I have a batch of baby blue sword tails sitting in a breeder net in my tank. I am thinking of setting up a small tank to move the babies to. I was wondering if Amano shrimp would eat baby fish if I added a few to the tank as a cleaning crew. Also would they eat other smaller shrimp.

The reason I ask is because the Amanos in my main tank really seem like bullys. I've watched the tackle much larger fish to get at a prime piece of food but I have no idea if they even have teeth. LOL


----------



## azjenny (Dec 2, 2011)

I don't think they would. I have one in my shrimp tank. She never seems to bother the shrimp, even the baby shrimp. 
But maybe mine is mellow.


----------



## shrimpster (Jan 31, 2012)

I have witnessed an amano eat a freshly molted juvenile shrimp head first still kicking. It was probably stressed as my nitrates were high at the time, but I still hated to see it.


----------



## Jadenlea (Sep 15, 2011)

eek


----------



## diwu13 (Sep 20, 2011)

Amano's are food bullies but won't harm anything that is alive and well.


----------



## Joolzt4482 (May 29, 2013)

I have a few Amano shrimps mixed with some Endlers. I have seen them jump on the back off the Endler and hold on whilst they are wriggling to get away, and eventually the fish just gives up.


----------



## CookieM (Feb 7, 2012)

Amano will eat anything that it can wrestle over. It ate my Thai micro crab, my new Spixi snails got harassed by Amano so much that it won't come out of its shell for 2 days. Had to move it to different tank now they're more active. 

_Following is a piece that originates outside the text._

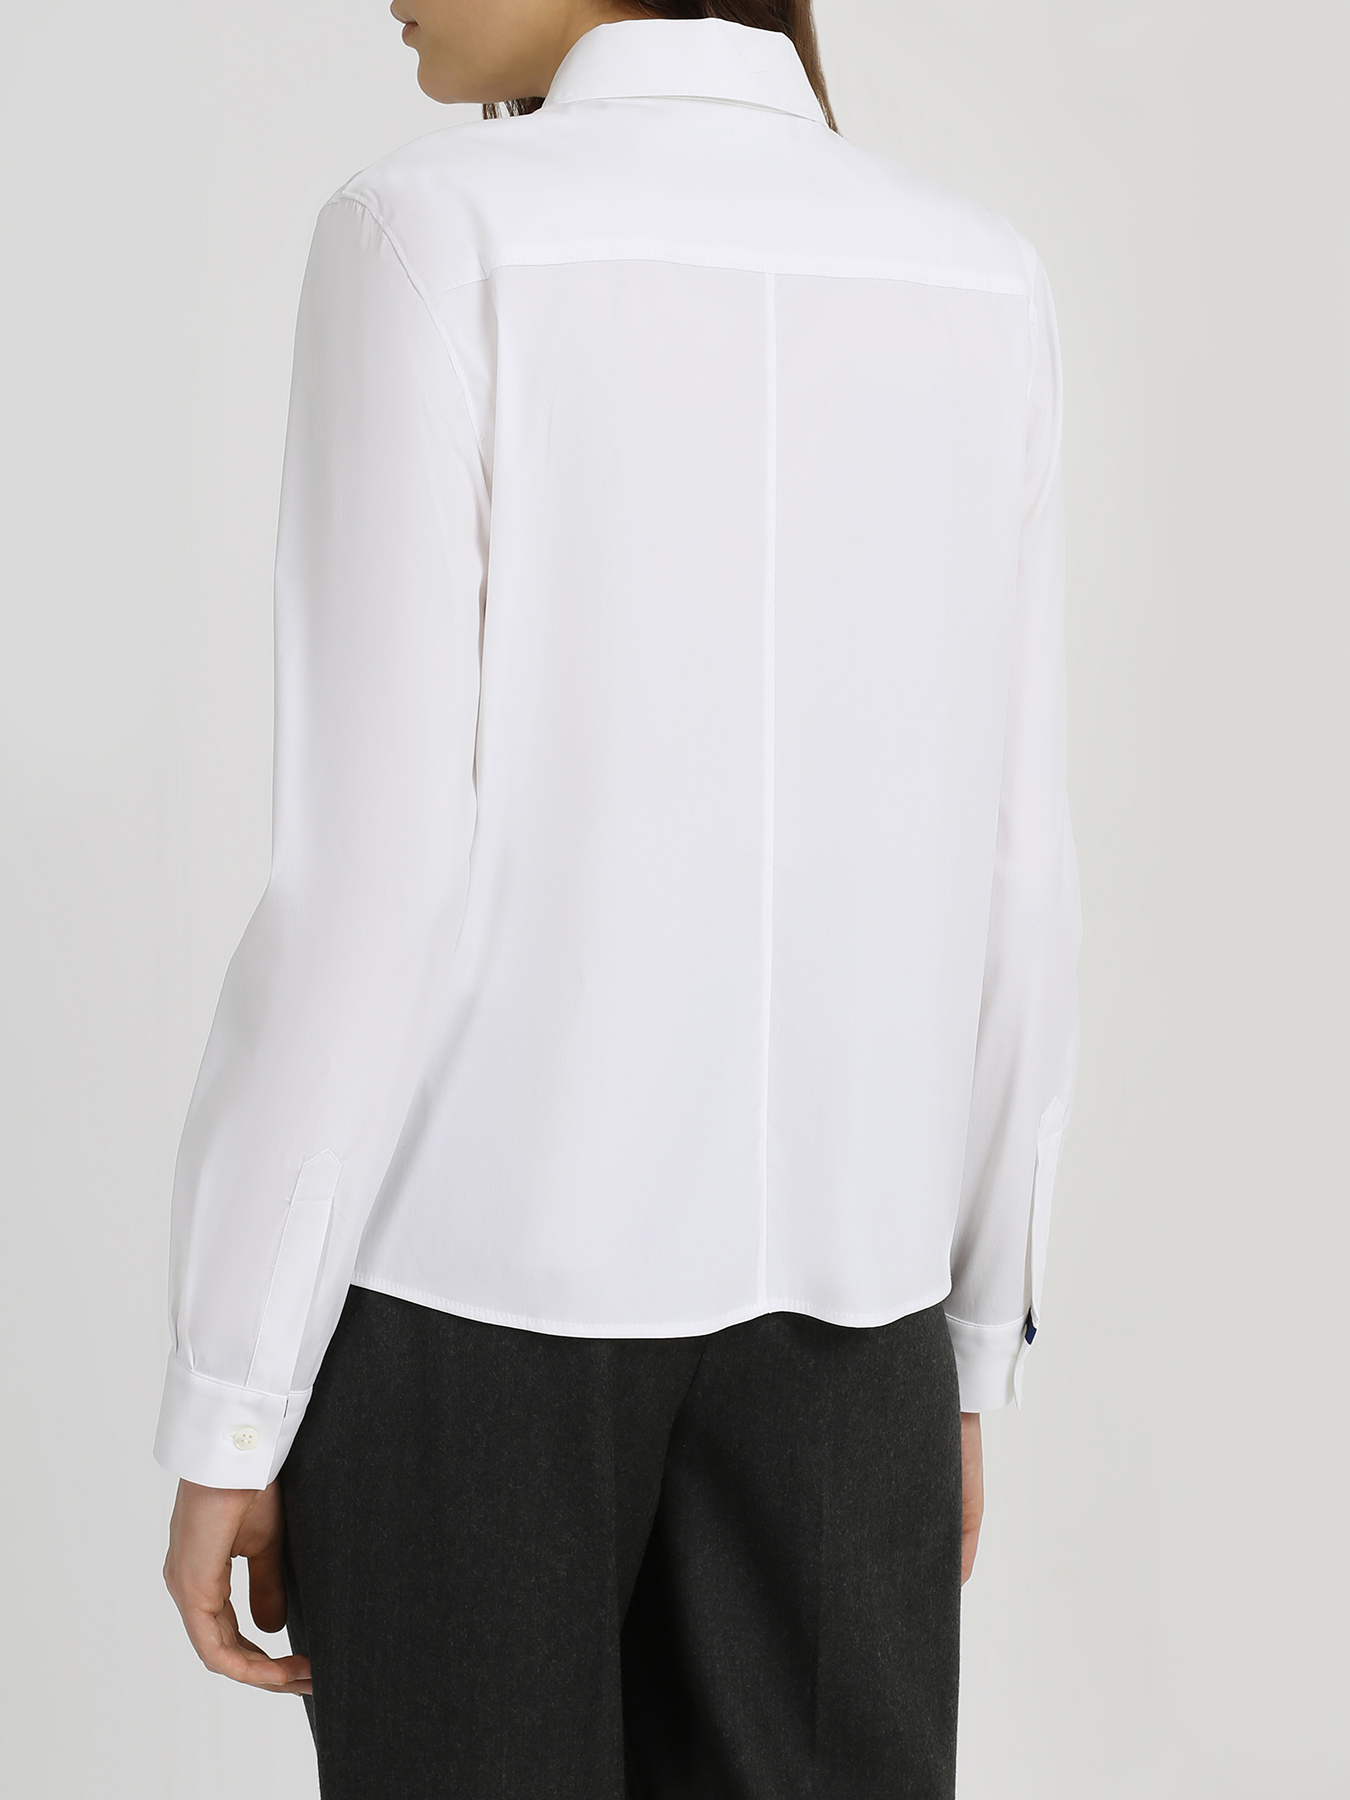 Finisterre Рубашка с длинным рукавом 334173-024 Фото 2

Amano is a plus to tank communities, they clean algae better than most snails (especially hair algae) But make sure don't get too many or they can become a mob and harass everything in the communities.


----------



## cantsay39 (Jun 10, 2011)

~.~ then i just added bullies into my 10 gal.. >.< 3 Amanos vs RCS & TTs


----------



## dzega (Apr 22, 2013)

they will eat anything, but only if it does not move


----------